US Senator, Massachusetts
US Senator John Kerry (D-MA) is on record voicing mild support for the removal of criminal penalties for the possession of marijuana for personal use. In a November 2003 interview with Rolling Stone Magazine, Kerry said he has little problem with the responsible use of marijuana by adults, stating: "I've met plenty of people in my lifetime who've used marijuana and who I would not qualify as serious addicts -- who use about the same amount as some people drink beer or wine or have a cocktail. I don't get too excited by any of that." However, when asked whether he supported decriminalizing the possession and use of marijuana as a public policy, he replied: "No, not quite. What we did in the prosecutor's office was have a sort of unspoken approach to marijuana that was almost effectively decriminalization. We just didn't bother with small-time use. It doesn't rise to the level of nuisance, even. And what we were after was people dealing with heroin and destroying lives, and people who were killing people. That's where you need to focus."
When asked during a live November 2003 debate on CNN whether he'd ever smoked marijuana, Kerry responded that he had.

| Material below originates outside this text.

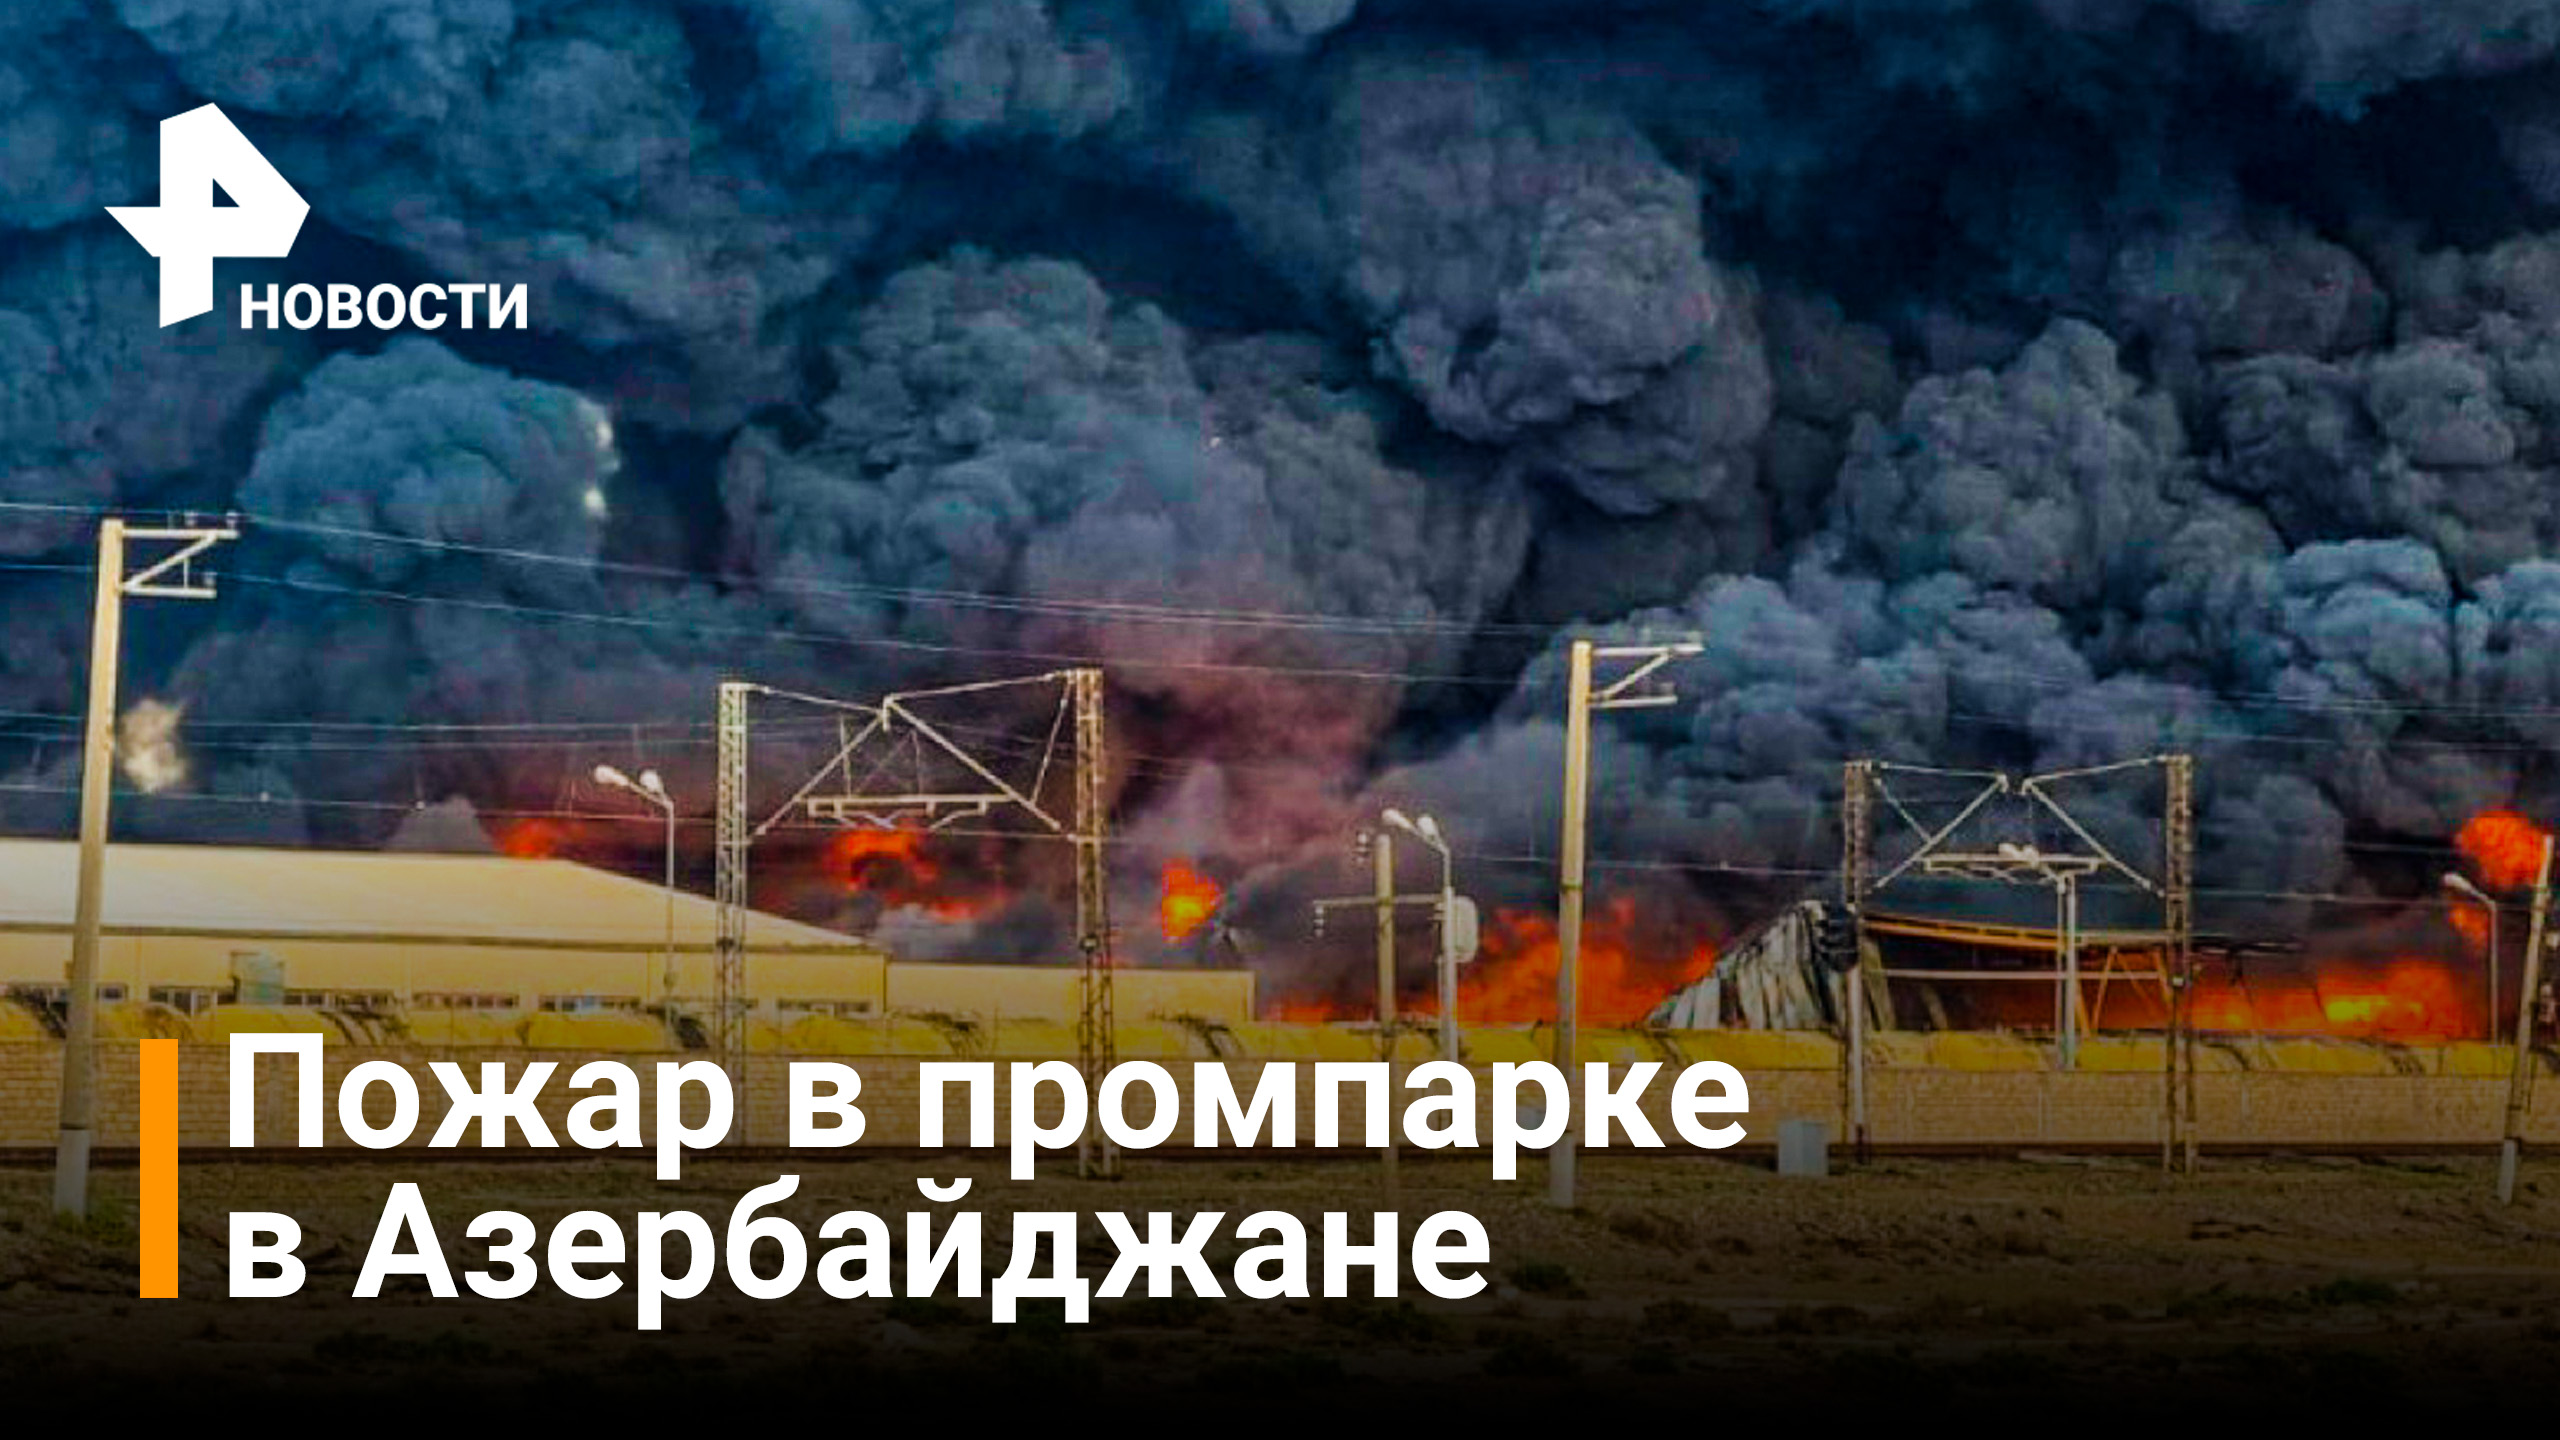 Пожар начался на территории промышленного парка в Азербайджане / Новости РЕН
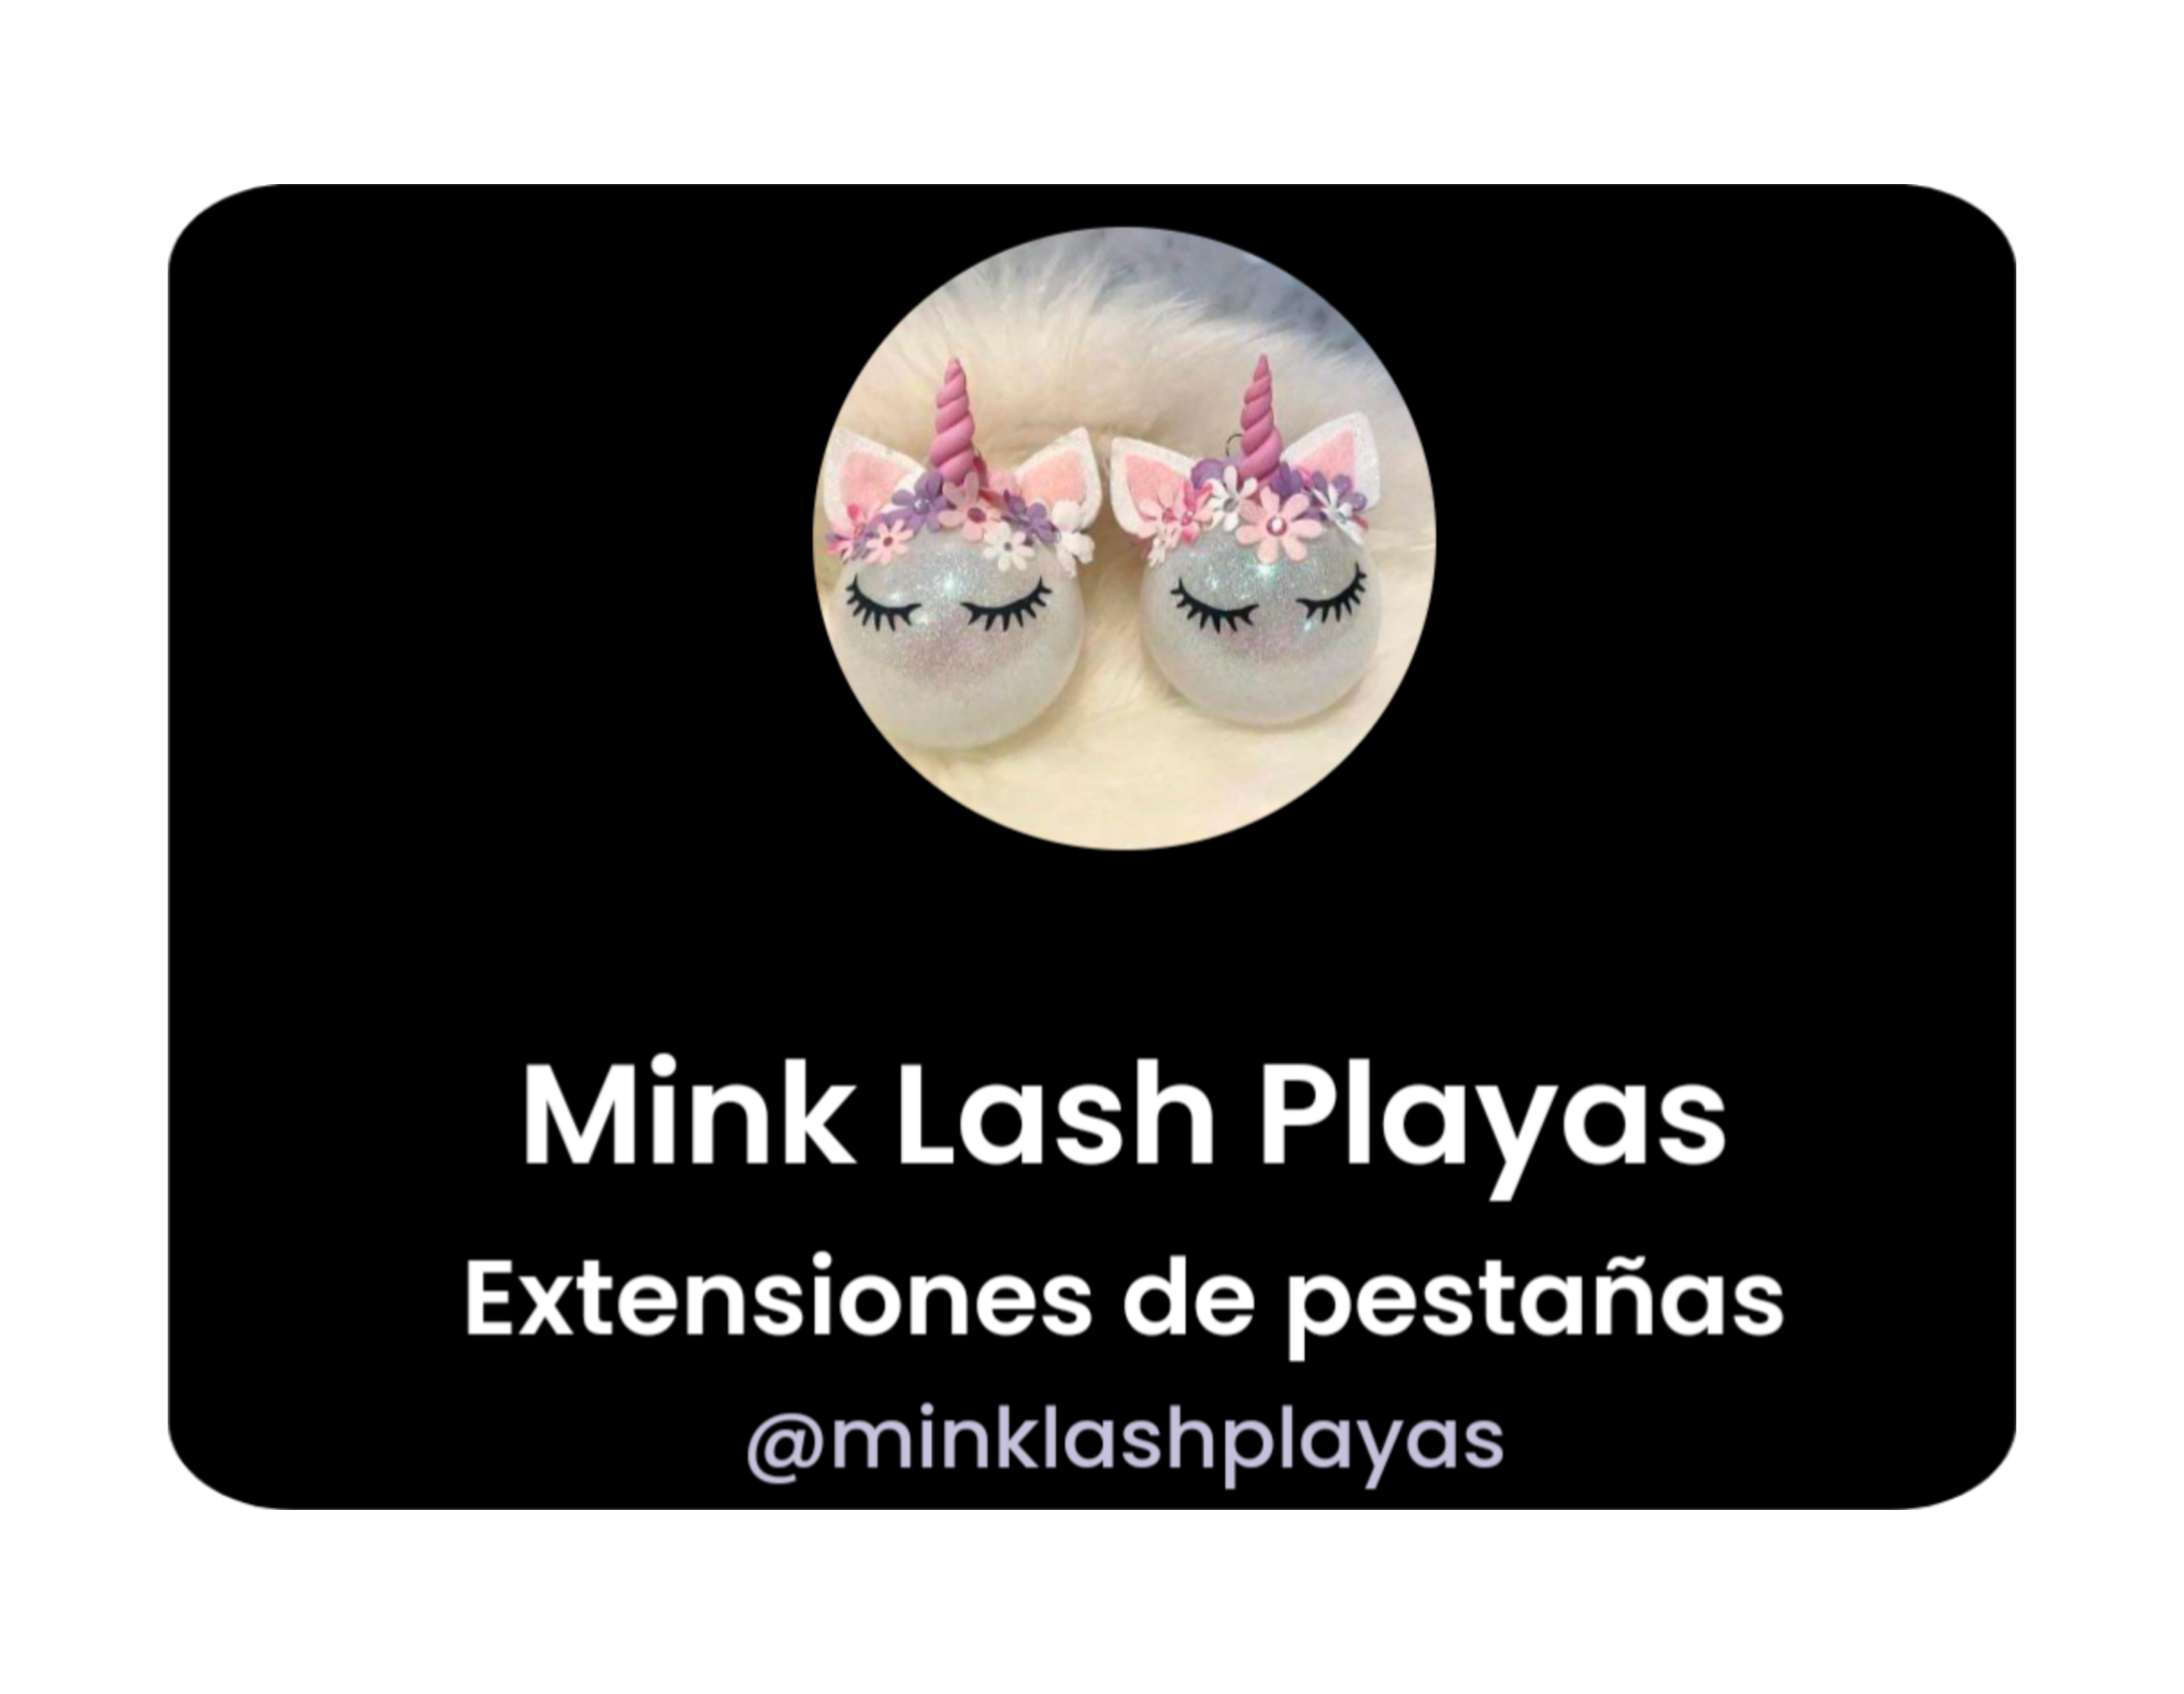 Liks Mink Lash Playas de by CmbRDev Miguel Ramos Págigas web

Kerry is on record voicing mild support for the legalization of marijuana for medicinal purposes. Speaking in January 2004 at the New Hampshire College Convention, Kerry said he opposed federally prosecuting medical marijuana patients who reside in states that have legalized its use. However, Kerry stopped short of endorsing marijuana's therapeutic use, stating (as summarized by the Associated Press), "he wanted to wait for the completion of a study to see what other alternatives might be available ... before deciding whether to legalize it in all states."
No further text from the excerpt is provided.